> _Exercise_:
Please return the full listing word for word, leaving out any pictures.

> _Data section_:
------
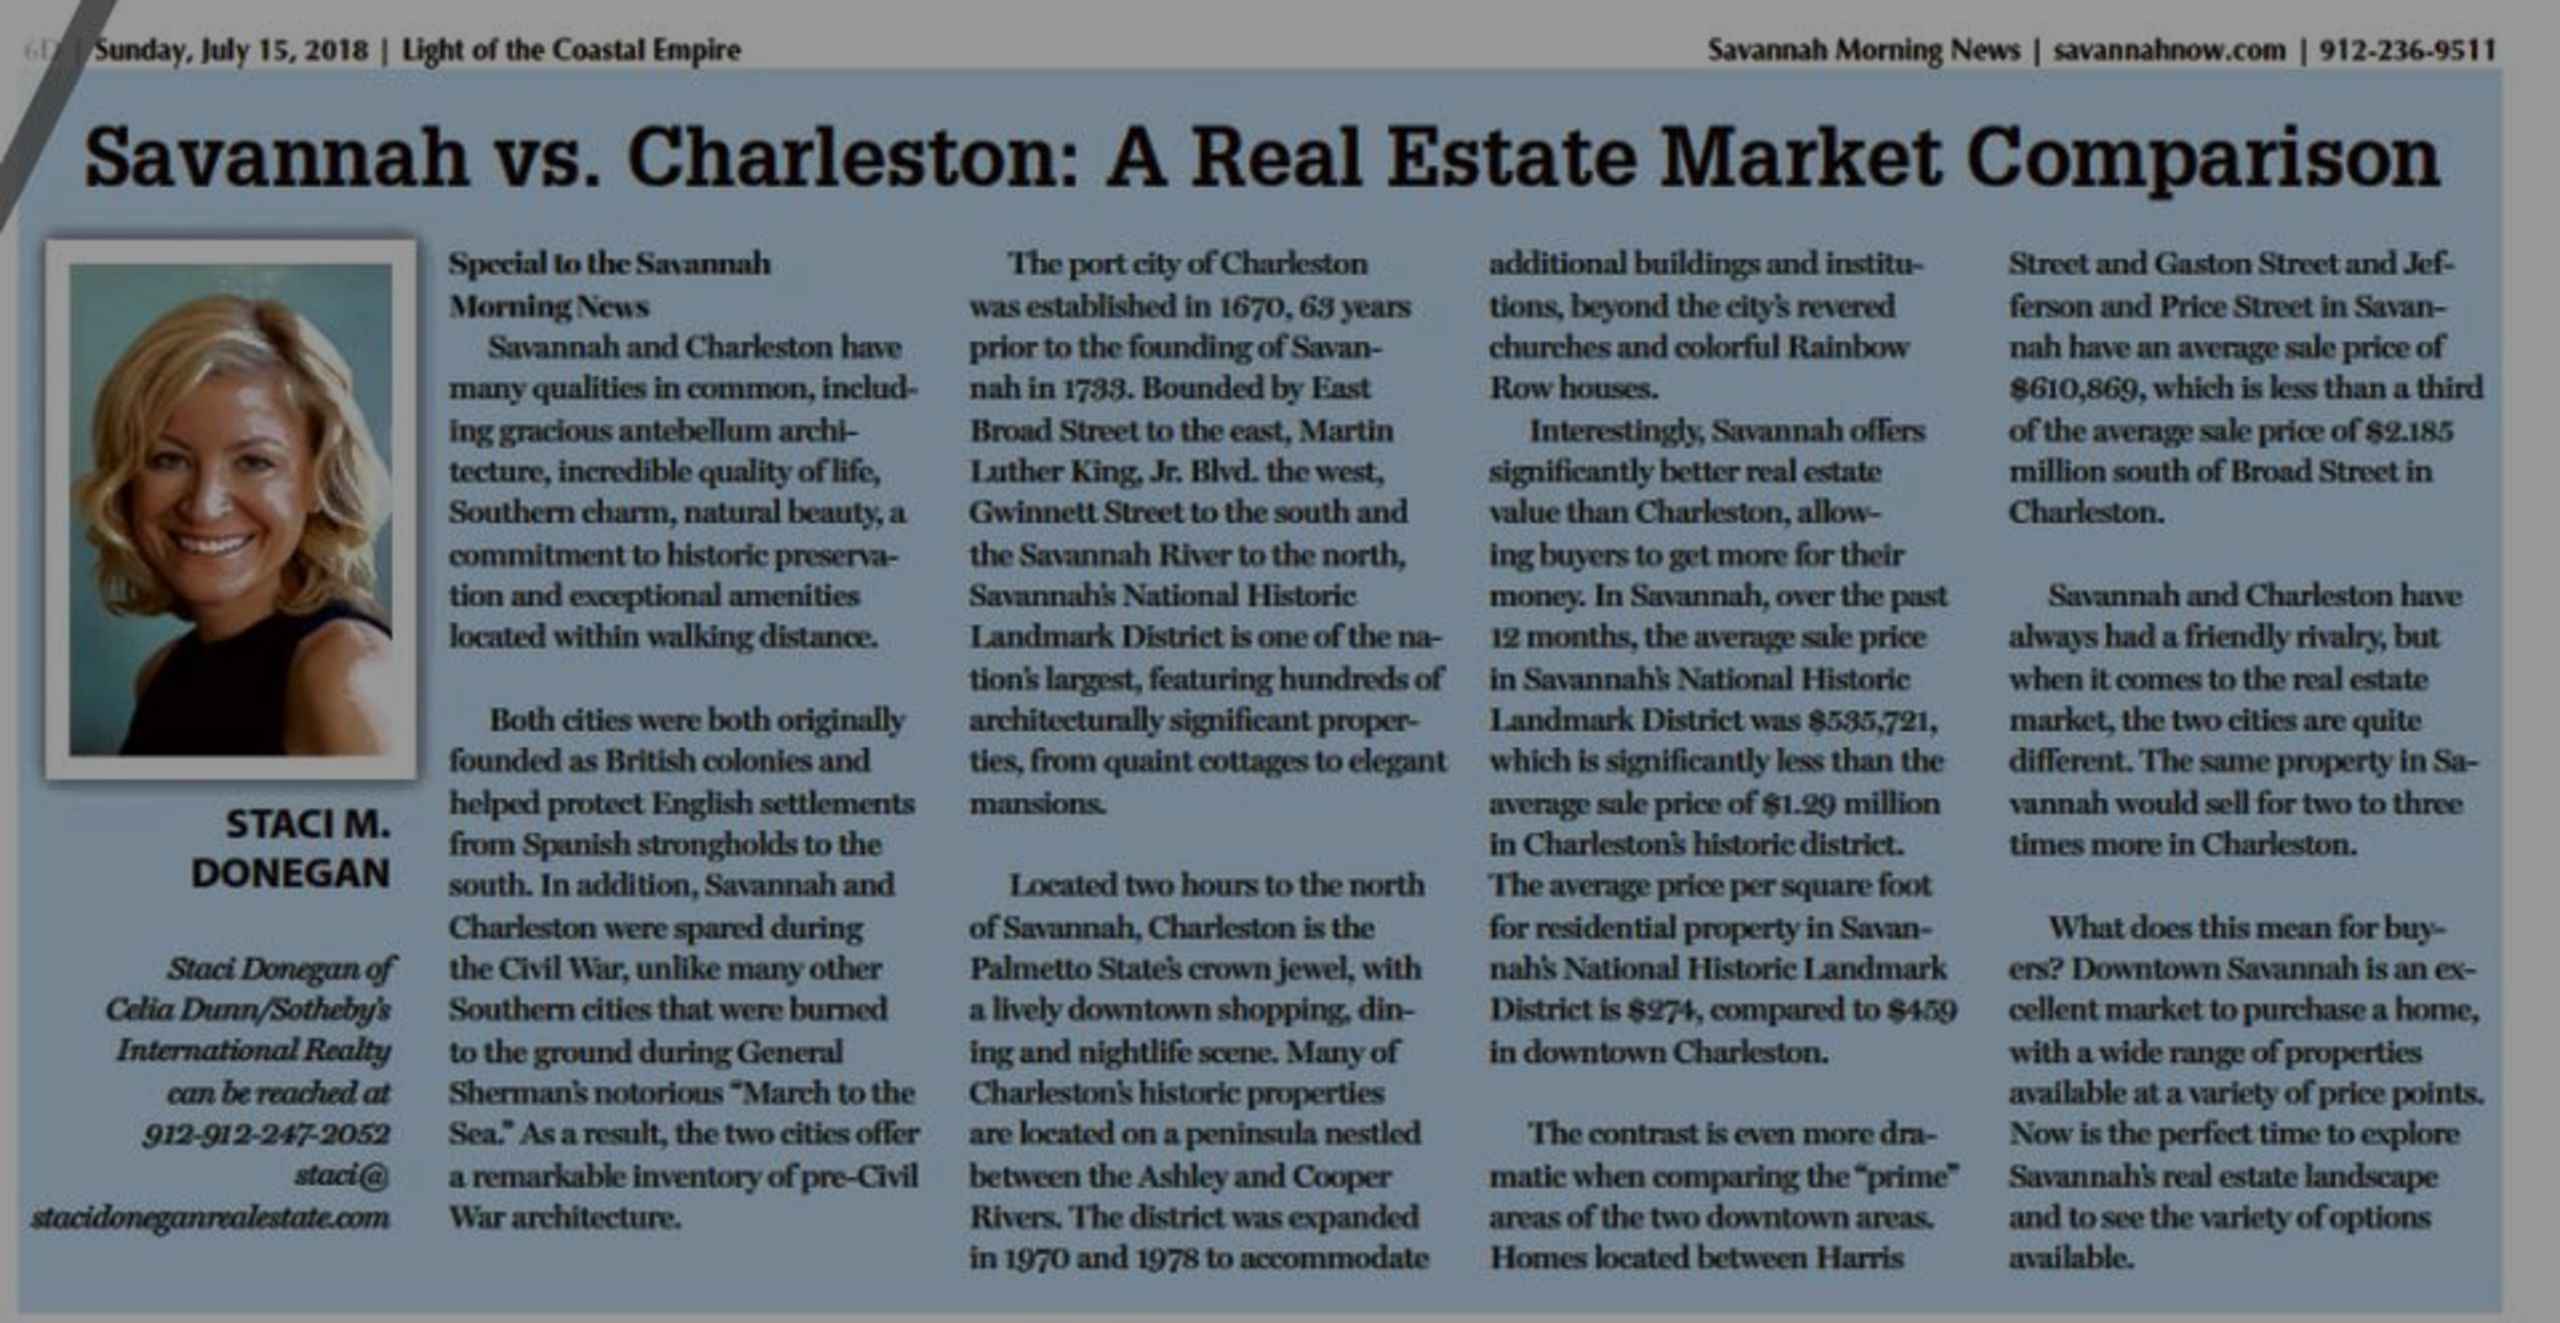 Savannah vs. Charleston: A Real Estate Market Comparison
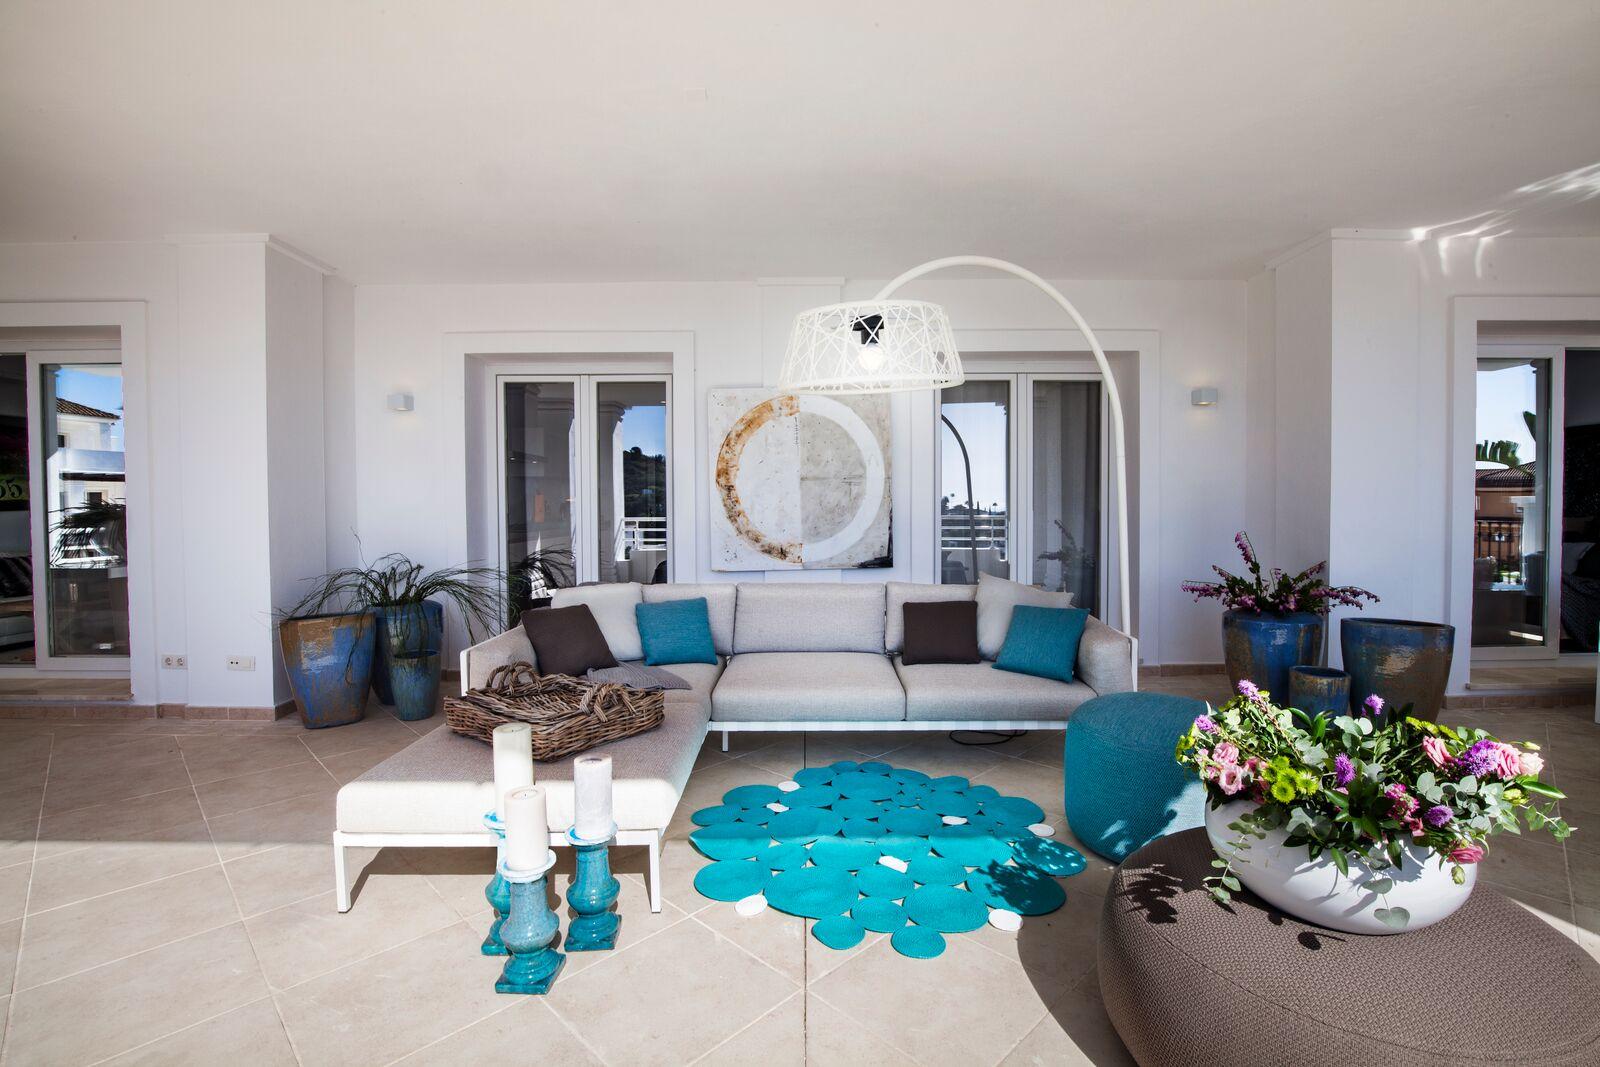 Aloha-suites-Exterior-1
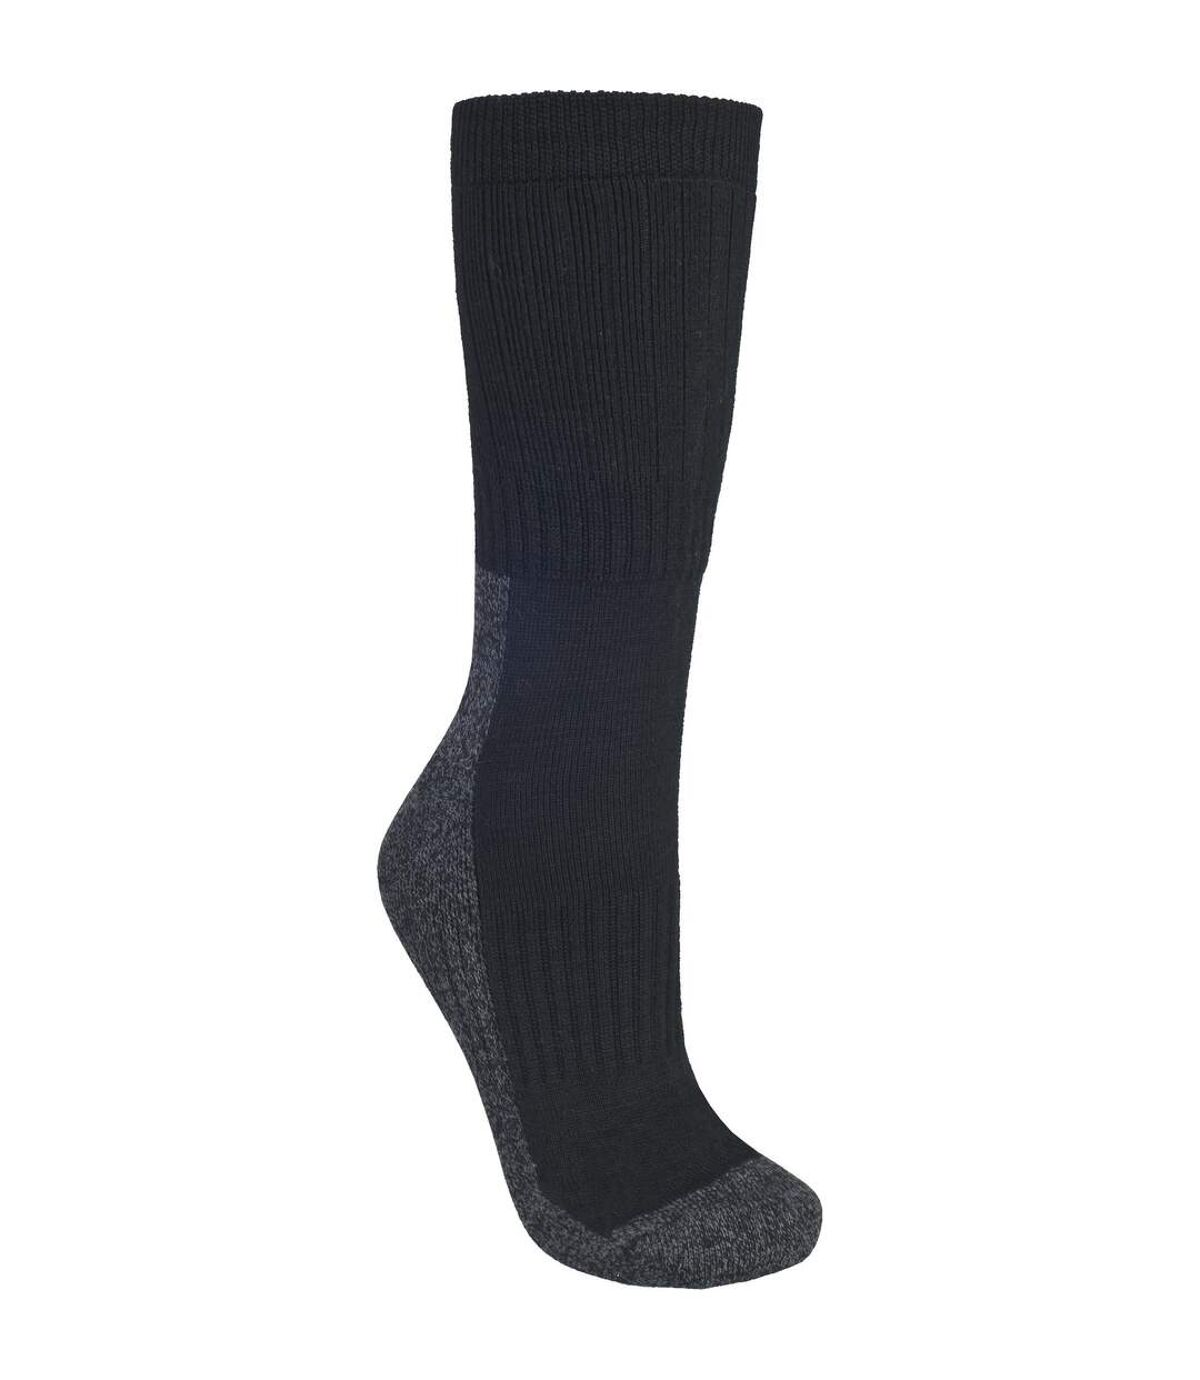 Trespass Mens Shak Lightweight Hiking Boot Socks (1 Pair) (Black) - UTTP321
------
> _Exercise solution_:
 Savannah vs. Charleston: A Real Estate Market Comparison
 Aloha-suites-Exterior-1
 Trespass Mens Shak Lightweight Hiking Boot Socks (1 Pair) (Black) - UTTP321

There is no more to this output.